◆ **PROBLEM DESCRIPTION**:
Leaving the pictures aside, transcribe the data below exactly.

═══ GIVEN INFORMATION

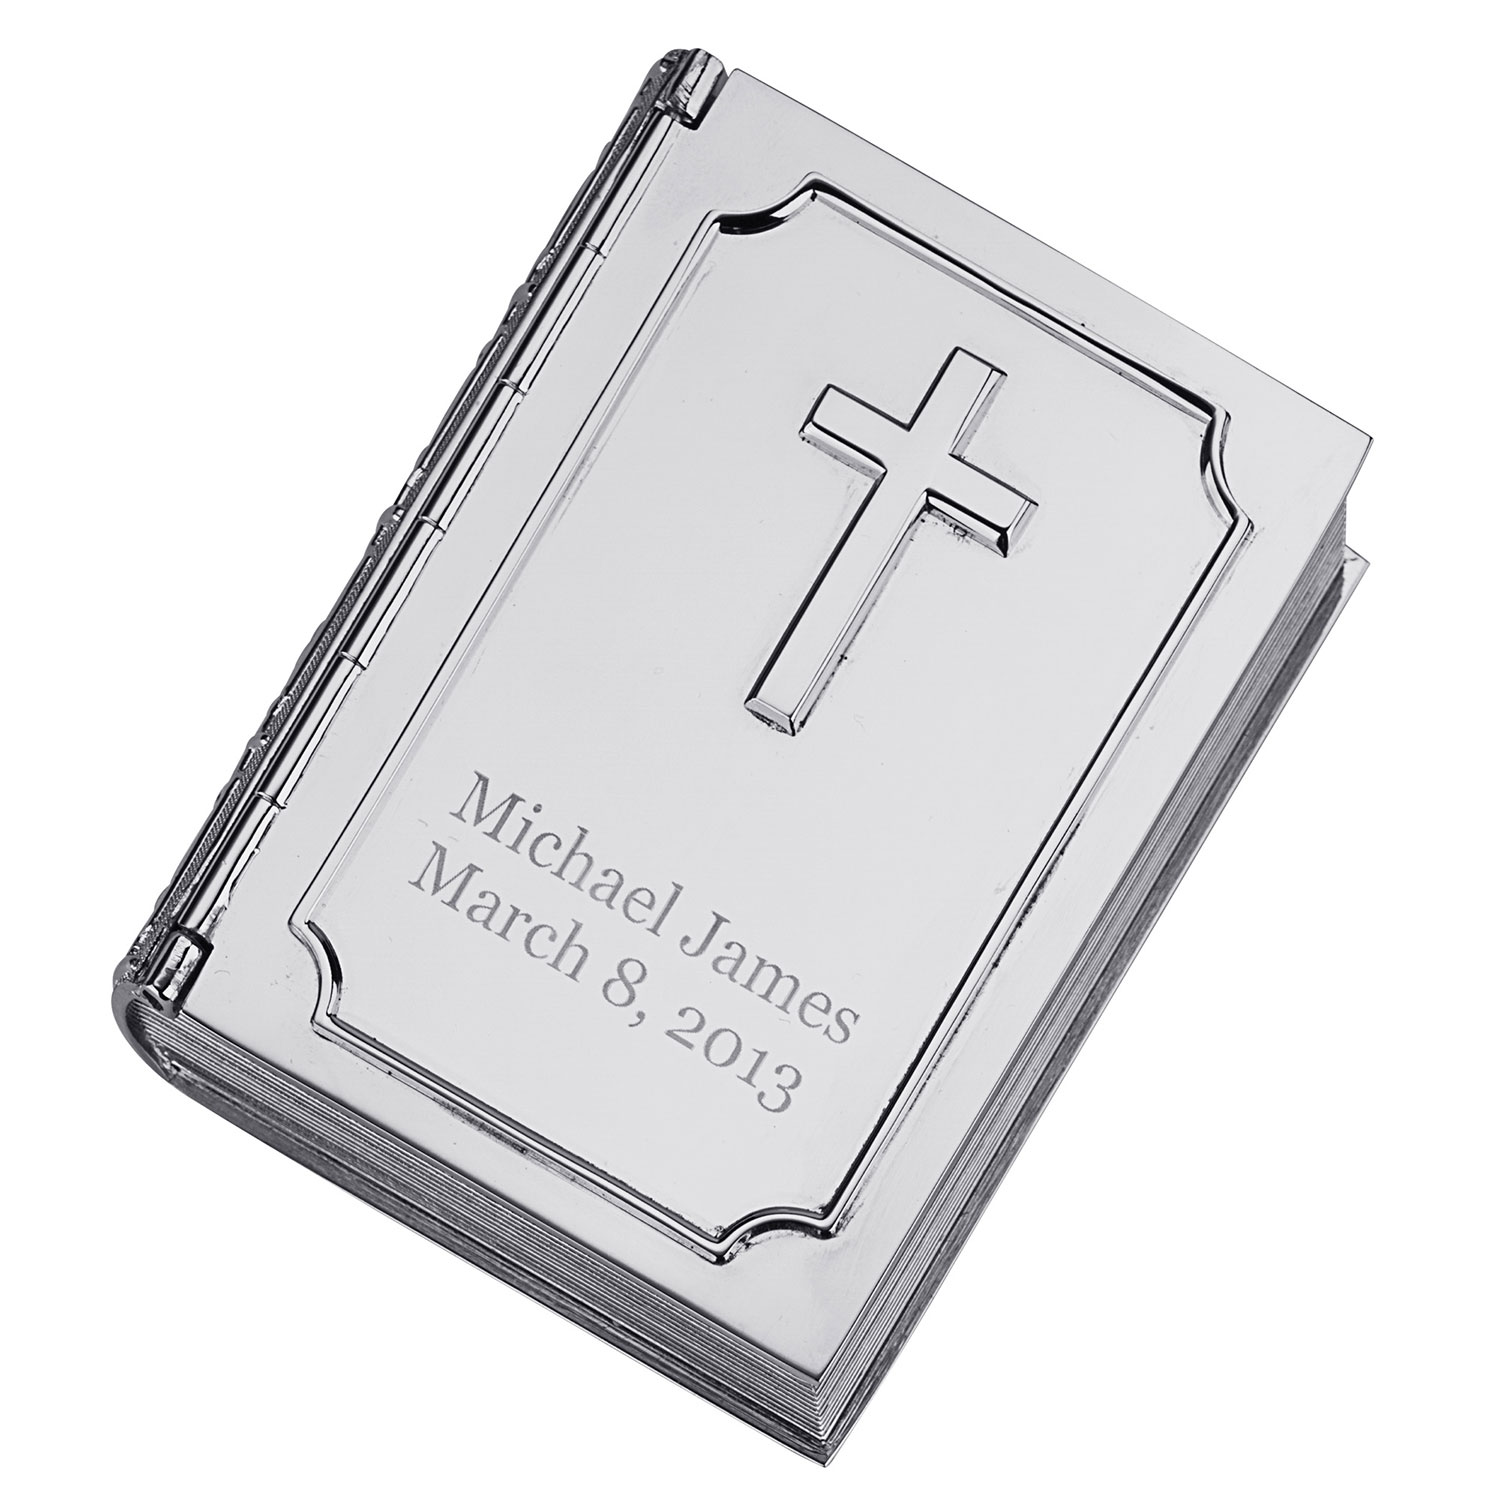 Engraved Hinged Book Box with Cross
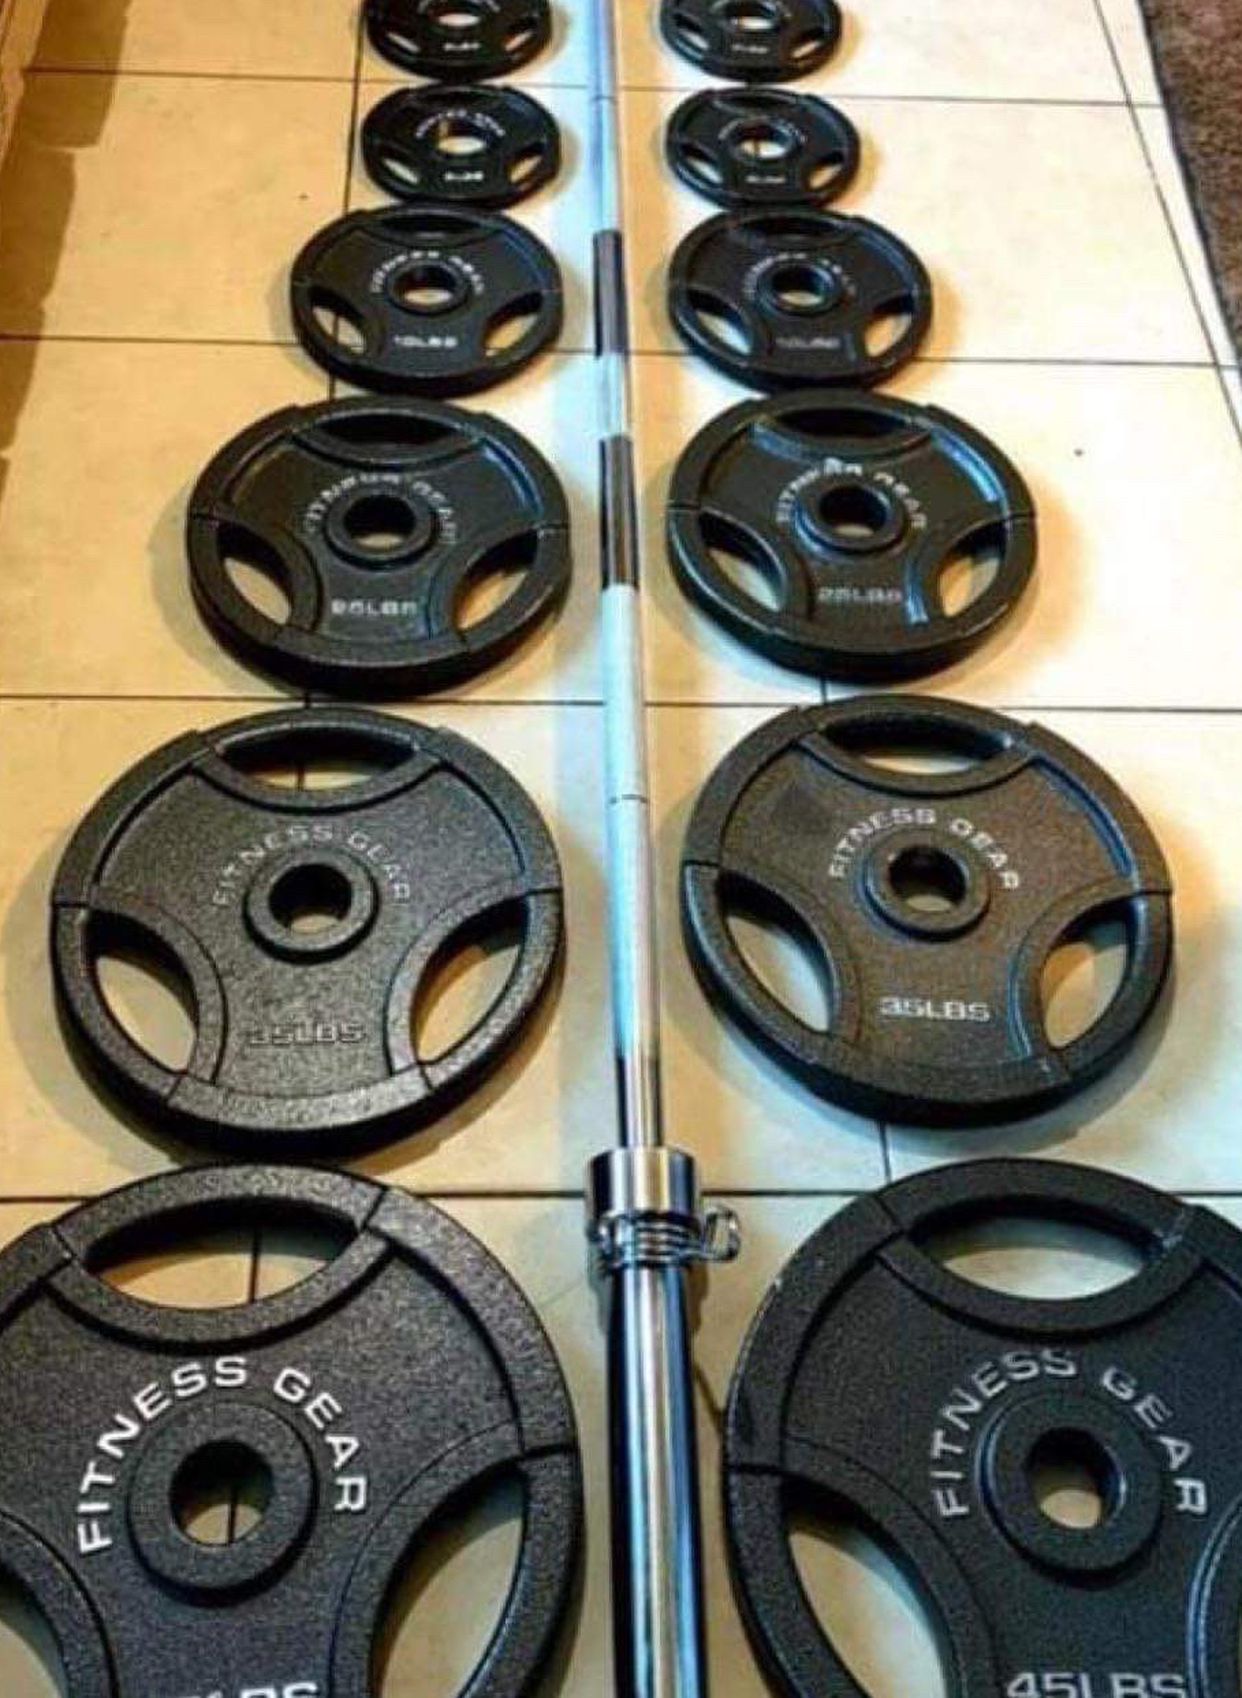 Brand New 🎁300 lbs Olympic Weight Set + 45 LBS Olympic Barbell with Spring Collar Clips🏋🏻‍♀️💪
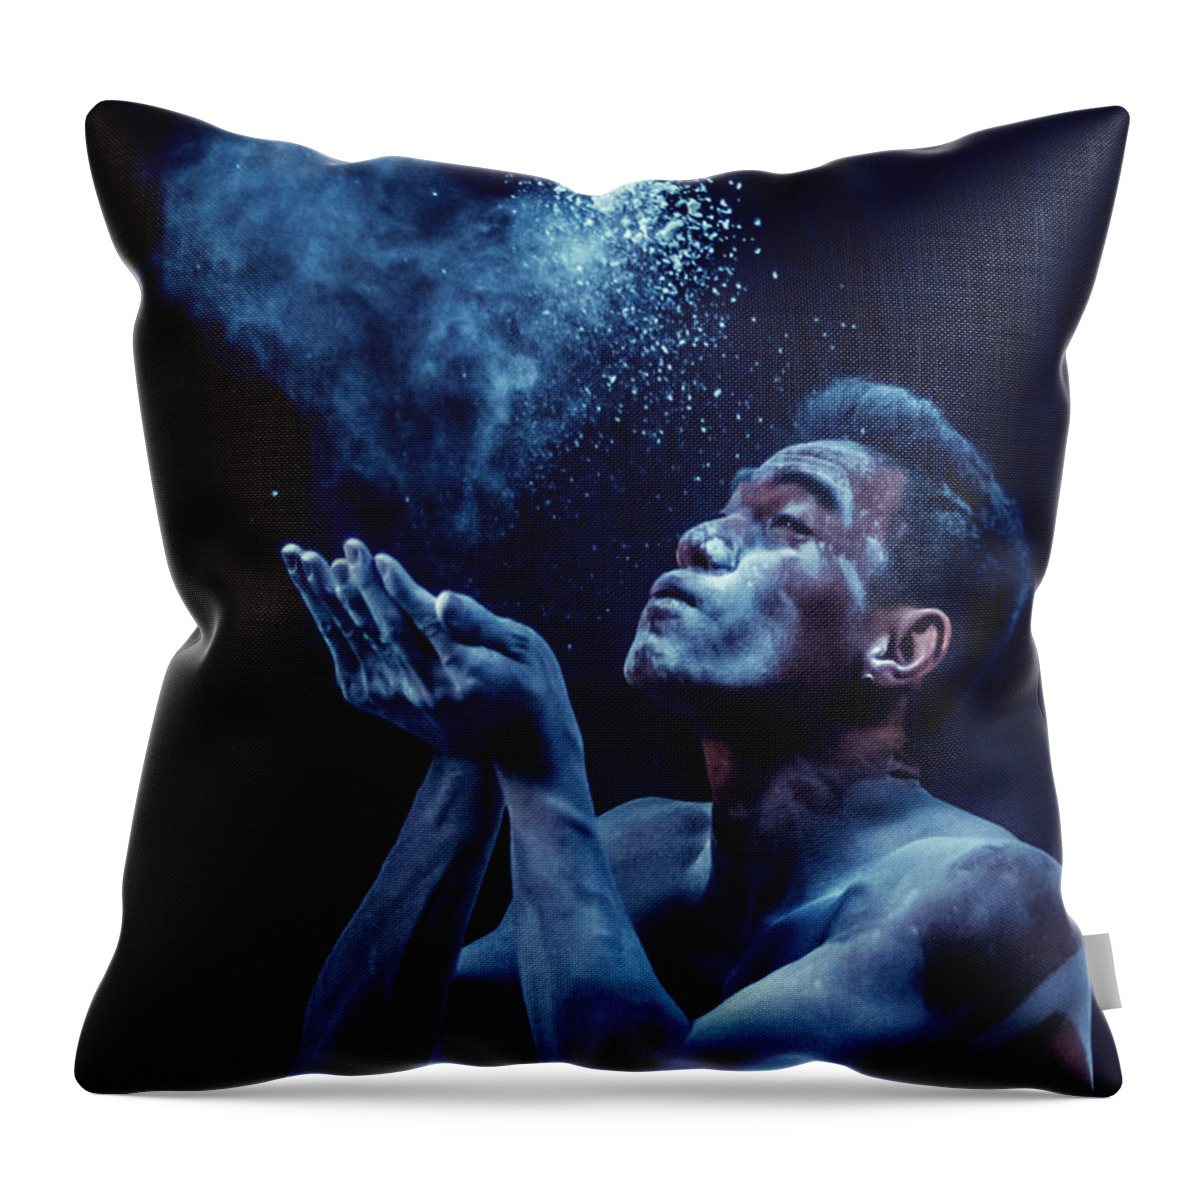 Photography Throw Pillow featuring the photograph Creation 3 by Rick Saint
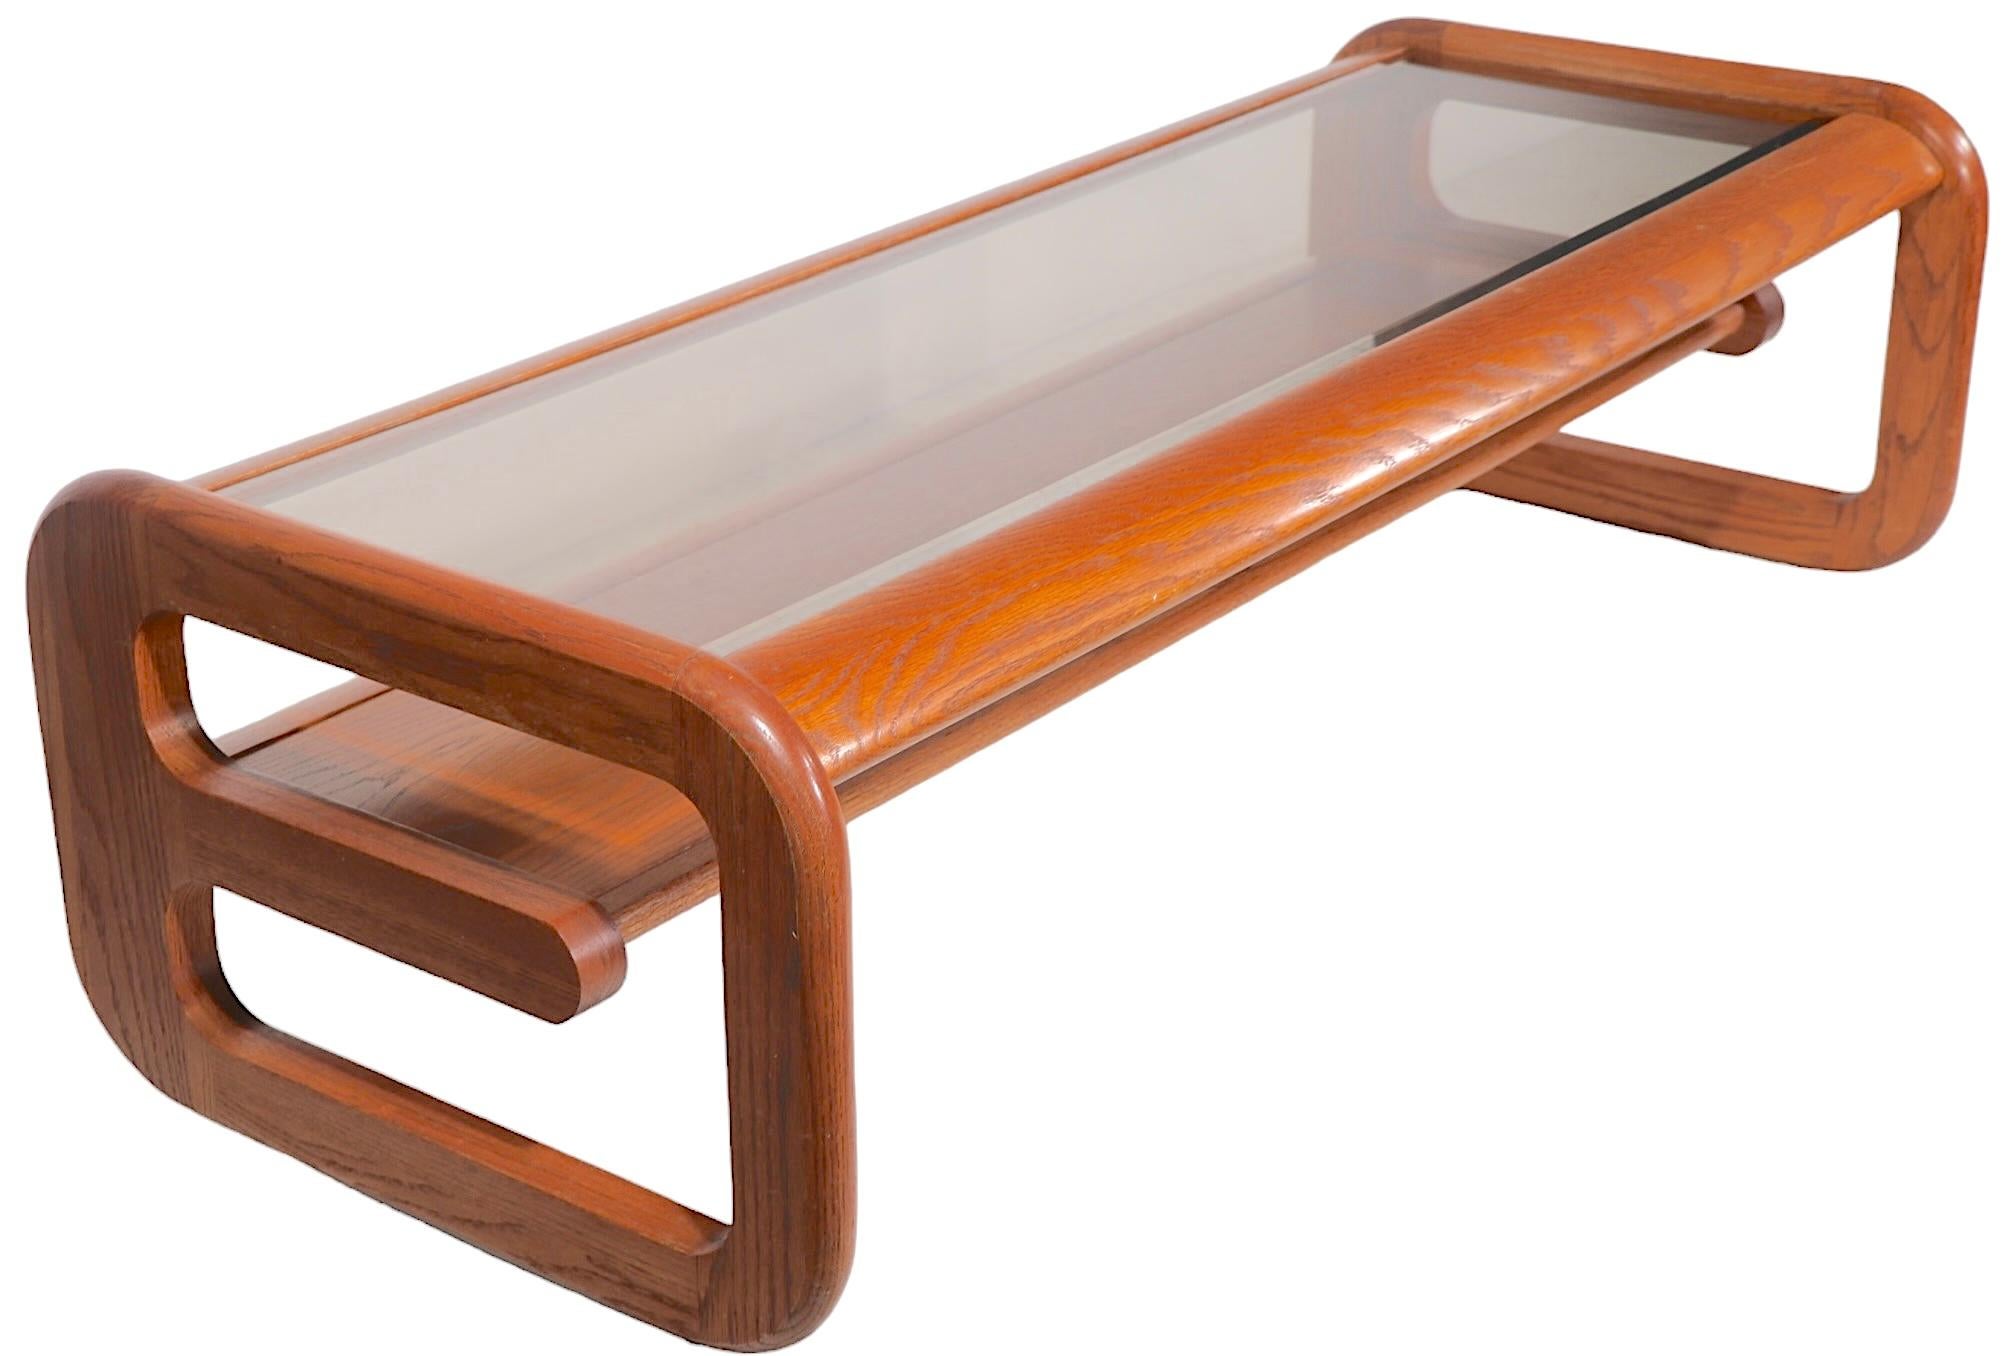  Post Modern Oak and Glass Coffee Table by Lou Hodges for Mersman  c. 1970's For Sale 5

══════

◆ **SOLUTION**:
 Engraved Hinged Book Box with Cross
 Brand New 🎁300 lbs Olympic Weight Set + 45 LBS Olympic Barbell with Spring Collar Clips🏋🏻‍♀️💪
 Photography Throw Pillow featuring the photograph Creation 3 by Rick Saint
  Post Modern Oak and Glass Coffee Table by Lou Hodges for Mersman  c. 1970's For Sale 5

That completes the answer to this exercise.